AVON, Mass. -- Consumers want to buy baby accessories at supermarkets. However, do supermarkets carry the items consumers want to buy?
That's not often the case, according to executives with The First Years here. Supermarkets, they said, need to shake up their planograms more often by bringing in newer, higher-priced and more innovative items to get the most out of their baby accessory sales -- even if it's only on a temporary, promotional basis.
"We did some proprietary research, talking with quite a few focus groups. And the overwhelming feeling was that moms of children in the newborn, infant and toddler stages would prefer to shop in supermarkets for a great deal of their infant and toddler products," said David Zapcic, director of marketing services at The First Years.
"They find the convenience and the one-stop shopping opportunity to be quite good. But they would prefer to see a wider range of products at the supermarket level -- a range much like they see at the mass merchants and the Toys 'R' Us [stores] of the world," he said.
"People don't see a supermarket as a place to go shopping for baby items; they think they can only get essentials such as nipples or diapers. But, if they know they can get a variety of products normally found in mass merchandisers or Toys 'R' Us, they'll shop at supermarkets," said Adrian Roche, vice president of worldwide marketing for The First Years.
"A lot of supermarkets underestimate the potential of this area," said Roche. "They tend to only concentrate on the commodity items like bottles, nipples and pacifiers. The very nature of those items tends to offer lower margins.
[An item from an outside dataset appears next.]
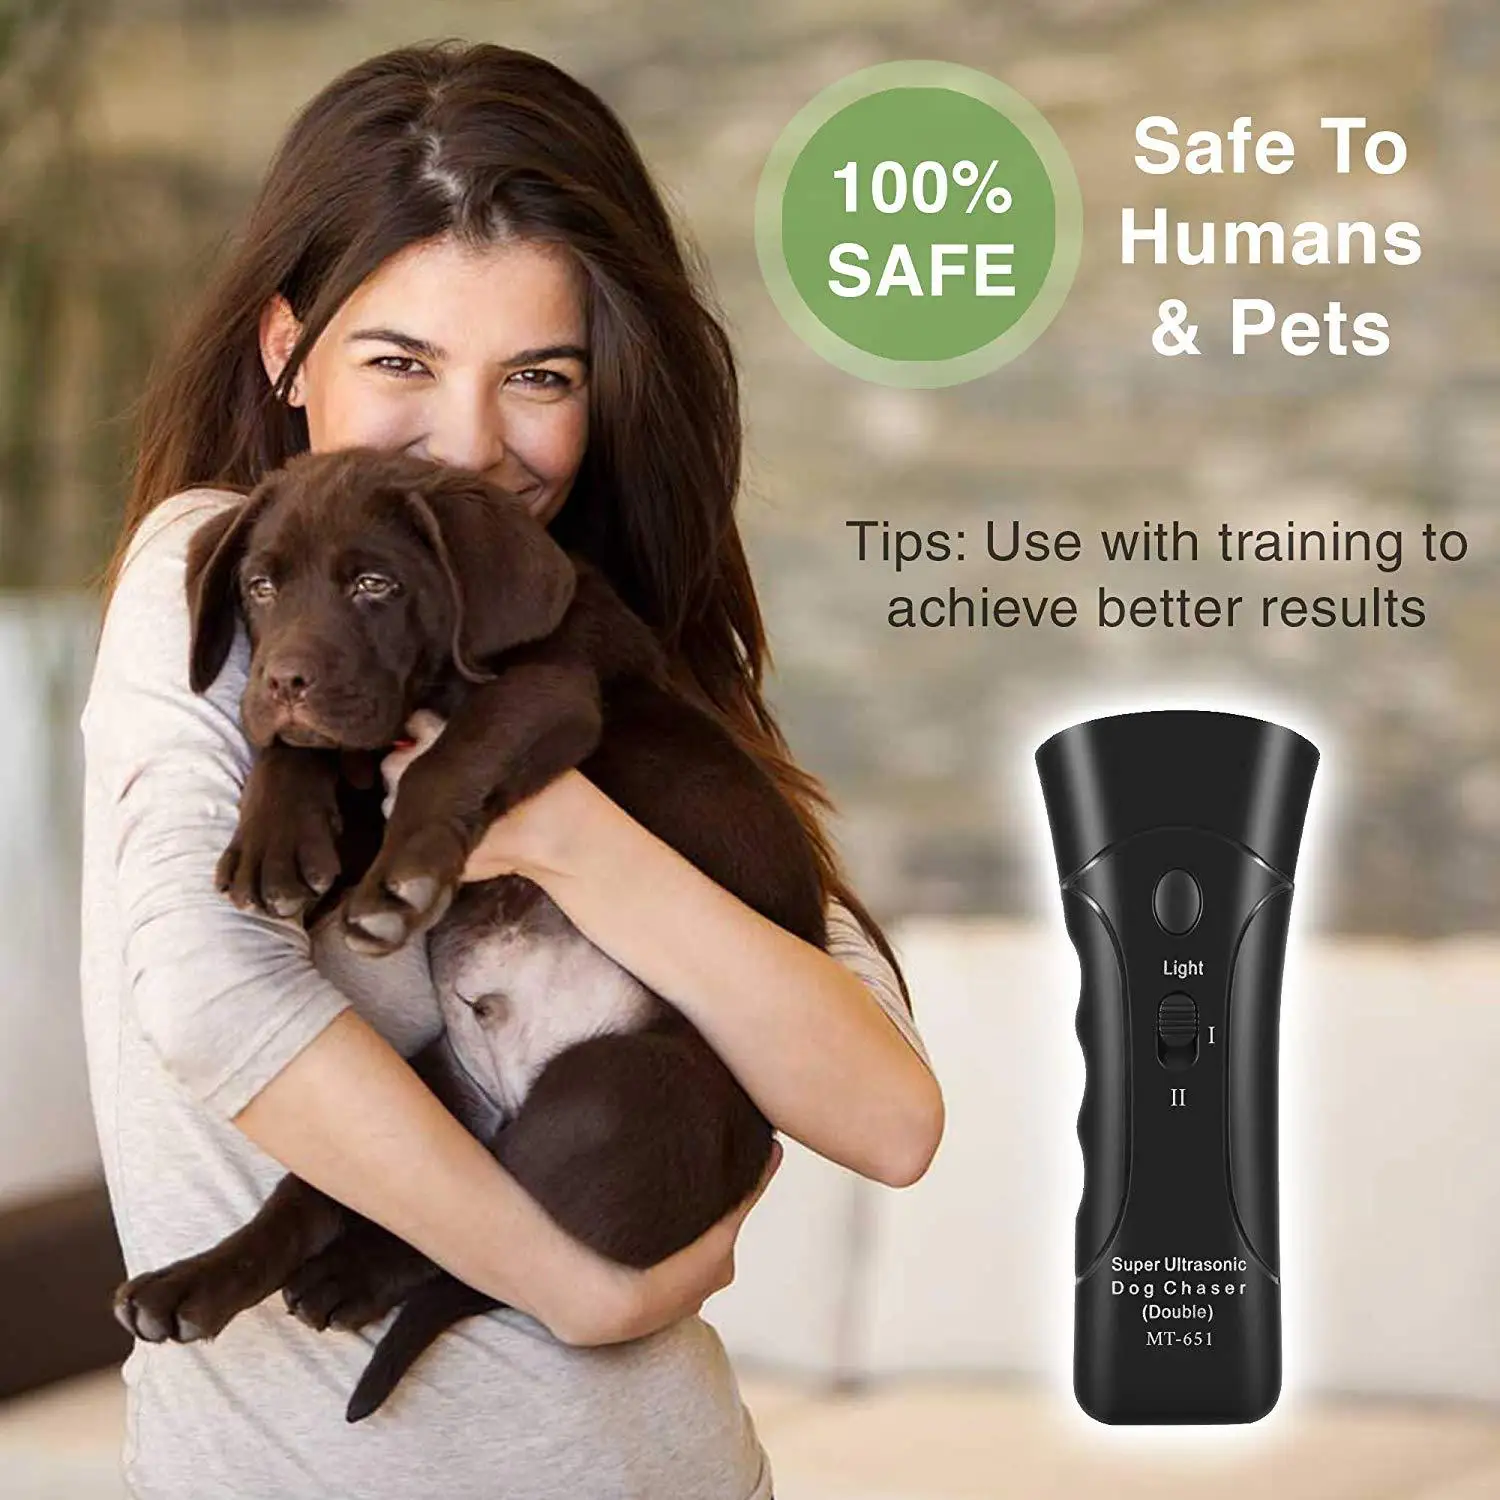 

Dog Repellent Infrared Dog Deterrent 3-in-1 Ultrasonic Handheld Pet Trainer with Flashlight Anti Barking Device, Black

So, I think the key is for supermarkets to be a bit more adventurous and mix in some of the higher-margin items like toys, rattles, cups and feeding articles. They would get a much better mix and return from that space.
"Some of these items, such as electronic toys, take up exactly the same space as a nipple or a pacifier, yet they may retail around $6.99 -- which is a lot higher than the traditional items in those areas," Roche added. "And they show a similar rate of sales. So, immediately you're greatly increasing both your cash and margin pictures."
The problem, he continued, is that many supermarket chains change their planograms infrequently, some waiting two years before revamping their baby accessory set.
"Mass merchandisers and Toys 'R' Us rely on a big change. They turn over their products and stockkeeping units a lot," said Roche. "They rely heavily on the vendors themselves to do that category management for them. It's not within our interest to have items on the shelf that aren't selling. If we think something's not selling, we'll go in, take it out and put something else in, close it out or drop the price."
Roche said supermarkets should take advantage of the impulsive nature of the category's shoppers.
"If you can position your accessories line between diapers and formula -- which are necessities -- customers will buy several [accessory products]," he said.
Roche added that aside from reworking the planogram more often, supermarkets could benefit from more promotional opportunities with the higher-margin baby accessories.
"They should look at doing sidecap promotions and pallet panel promotions on some of the more promotional type items. There are things like baby listening monitors, which are small boxes with a high price, and are ideal for in-and-out-type promotions."
Many mass merchandisers and Toys 'R' Us also have created a store-within-a-store concept or a baby boutique. "Caldor, for instance, has a very successful baby area. Then, look at places like Toys 'R' Us, which now has fixed signage. They've created an area where the mother can get everything she needs; it's all there," said Roche.
The First Years has experienced double-digit growth in each of the last five years, according to Zapcic. The company attributes this growth to innovation and keeping up with what parents want. Indeed, the company develops its products with the aid of a council of 500 mothers across the country.
New to its expanding line of products is its Sure pacifier, which has a unibody, seamless design so it won't come apart, and The Choice bottle system that features a standard and disposable version, both of which accept standard nipples.